• _THE TASK_
Reproduce exactly, and only, the lines of the material below running from the line bearing "Wspomnienie kapitana Czesława" through the line bearing "Restaurantes de sushi.". Leave any pictures out.

───── INPUT RECORDS

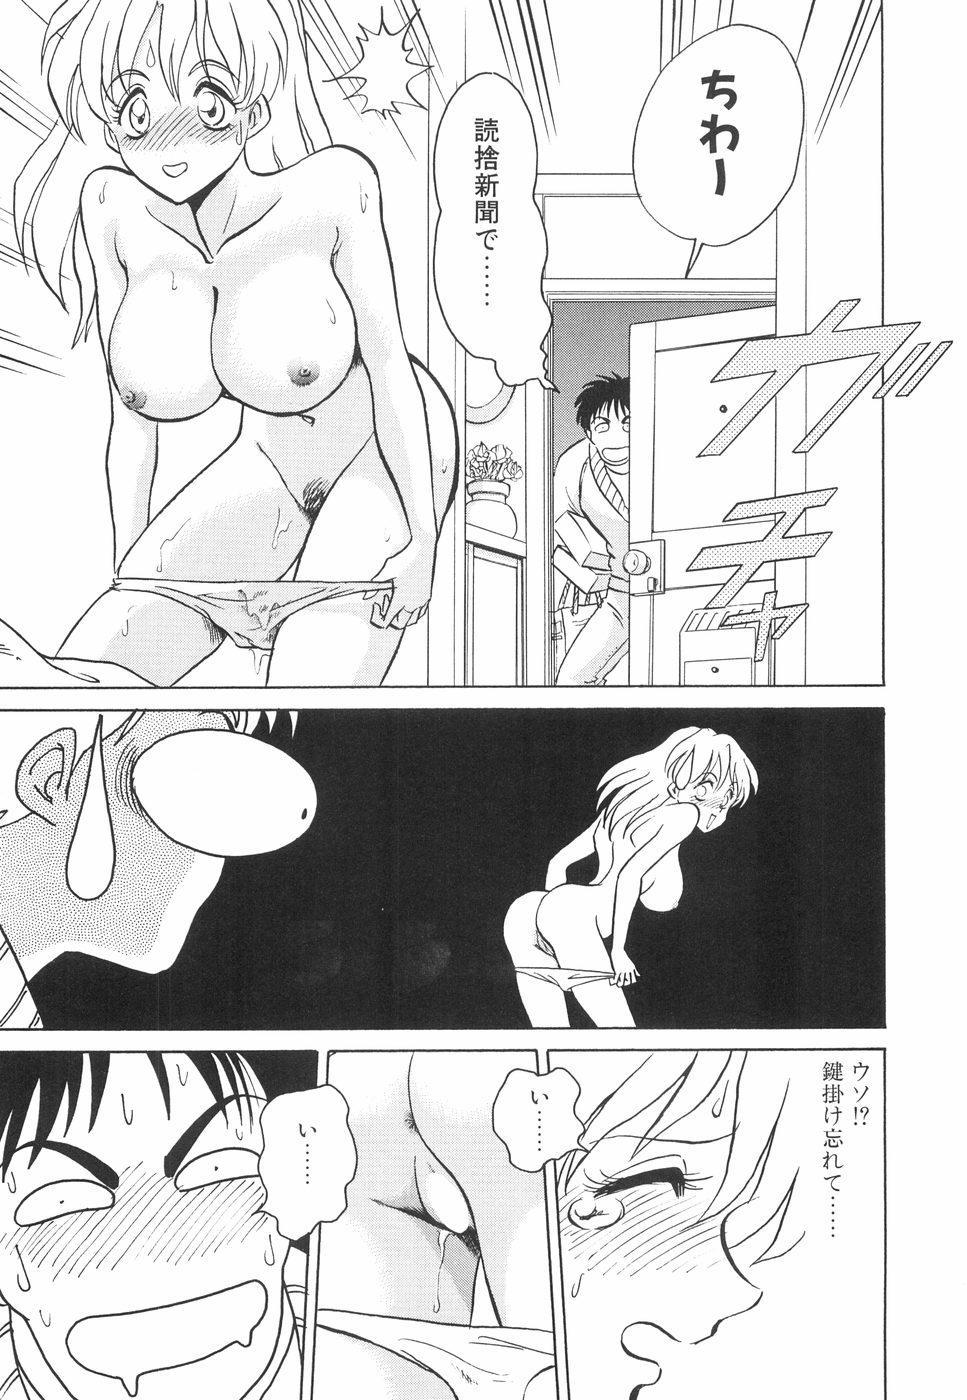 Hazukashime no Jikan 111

──────────
───── INPUT RECORDS

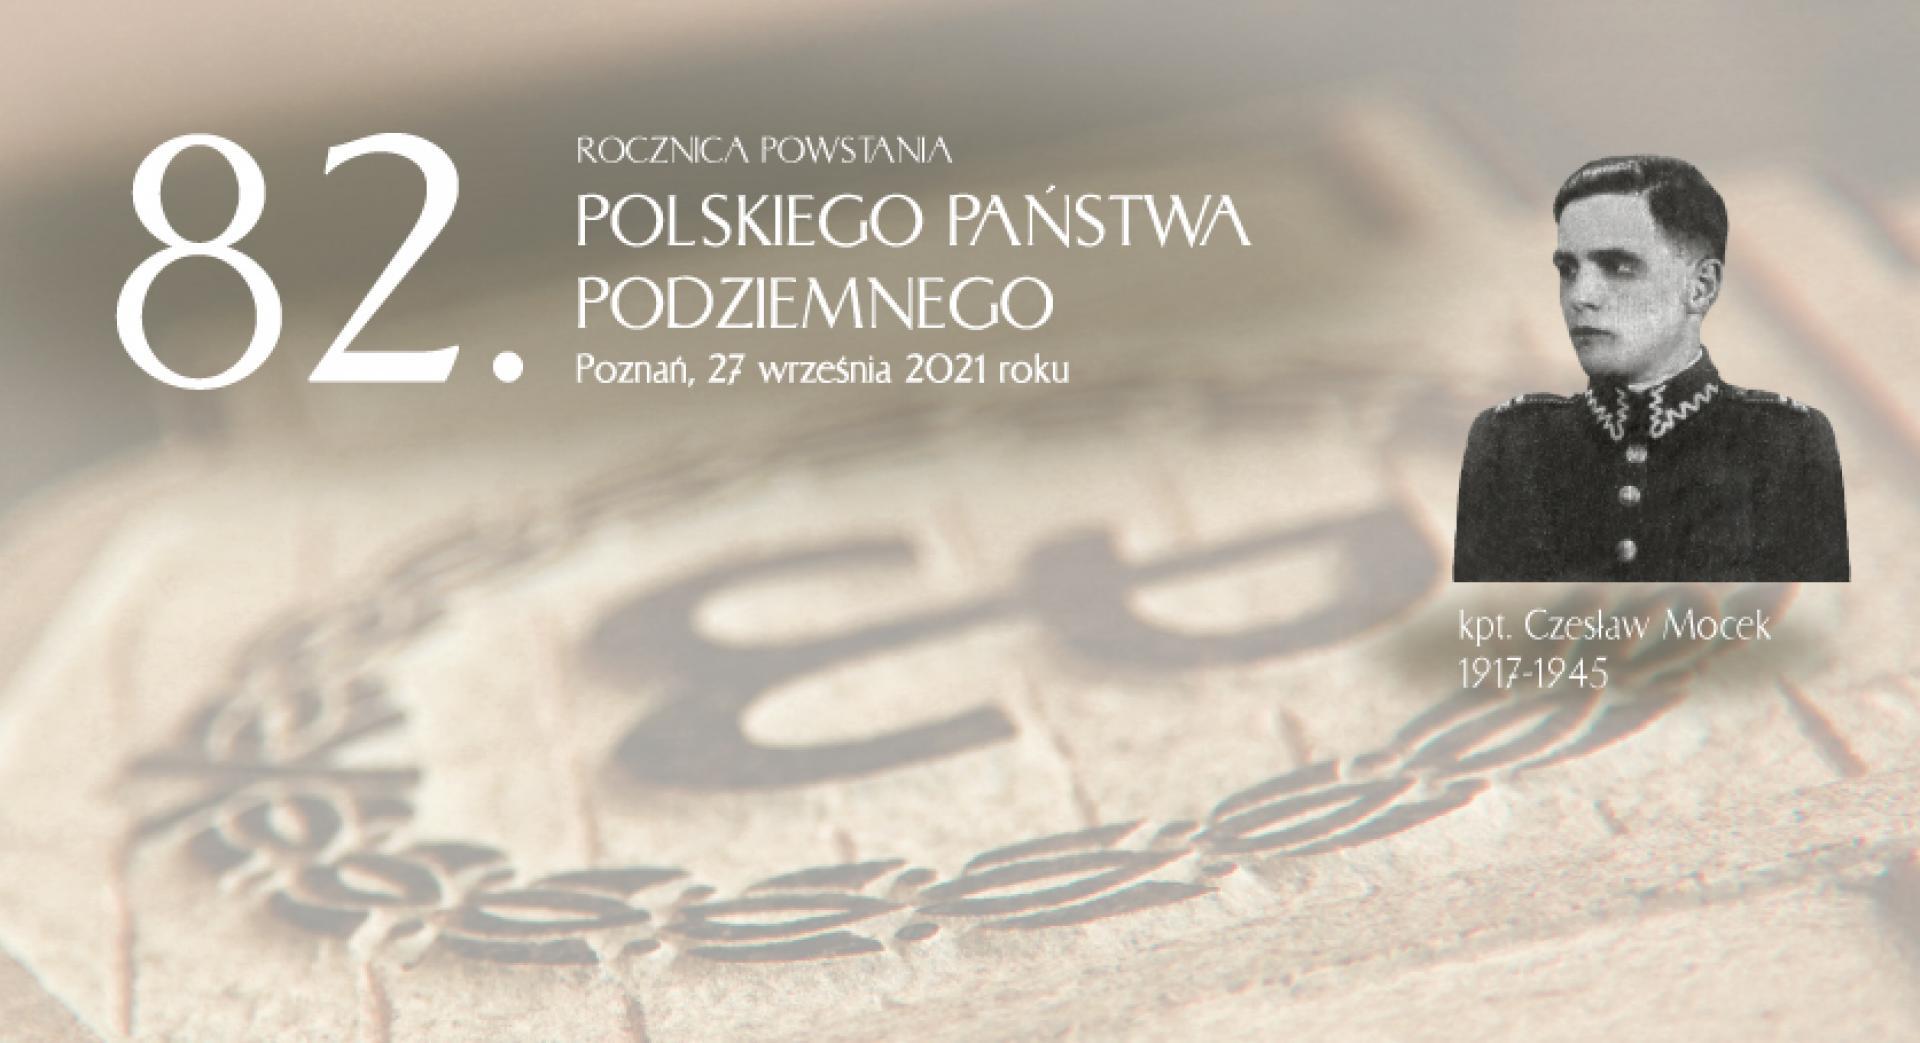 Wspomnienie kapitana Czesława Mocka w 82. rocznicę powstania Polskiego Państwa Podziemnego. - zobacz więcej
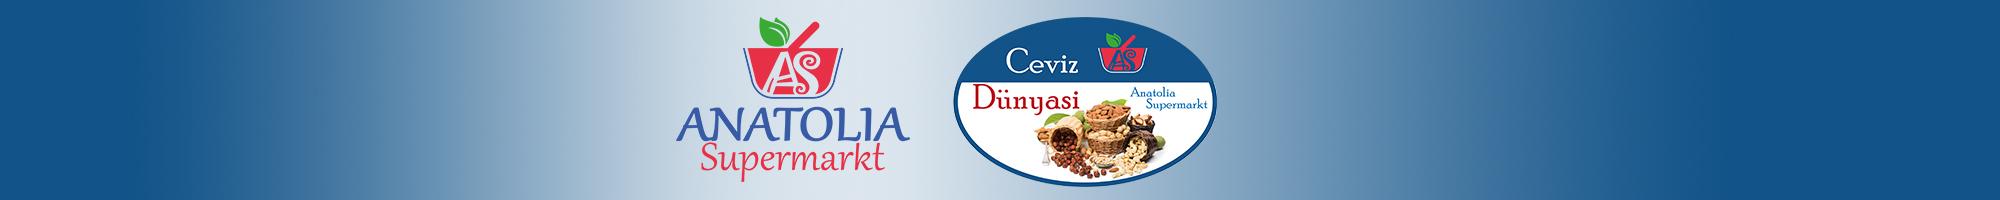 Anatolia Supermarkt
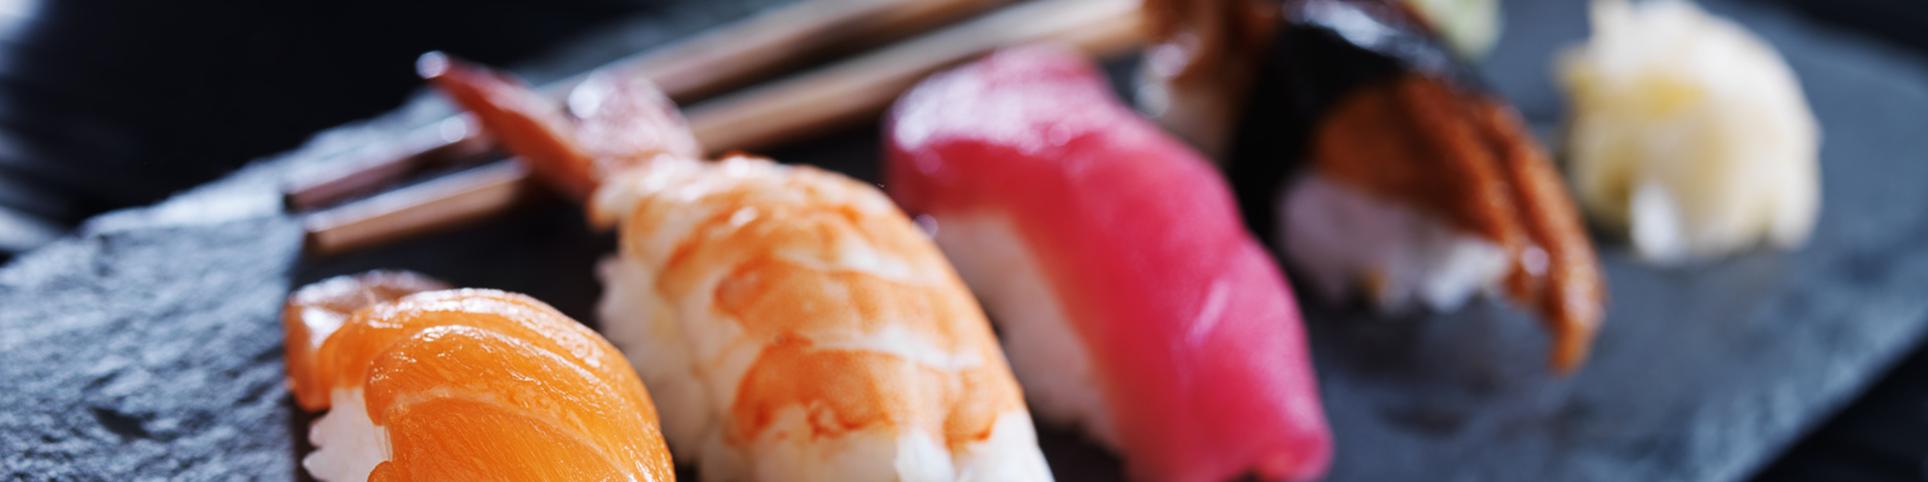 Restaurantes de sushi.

──────────

• _YOUR RESPONSE_
 Wspomnienie kapitana Czesława Mocka w 82. rocznicę powstania Polskiego Państwa Podziemnego. - zobacz więcej
 Anatolia Supermarkt
 Restaurantes de sushi.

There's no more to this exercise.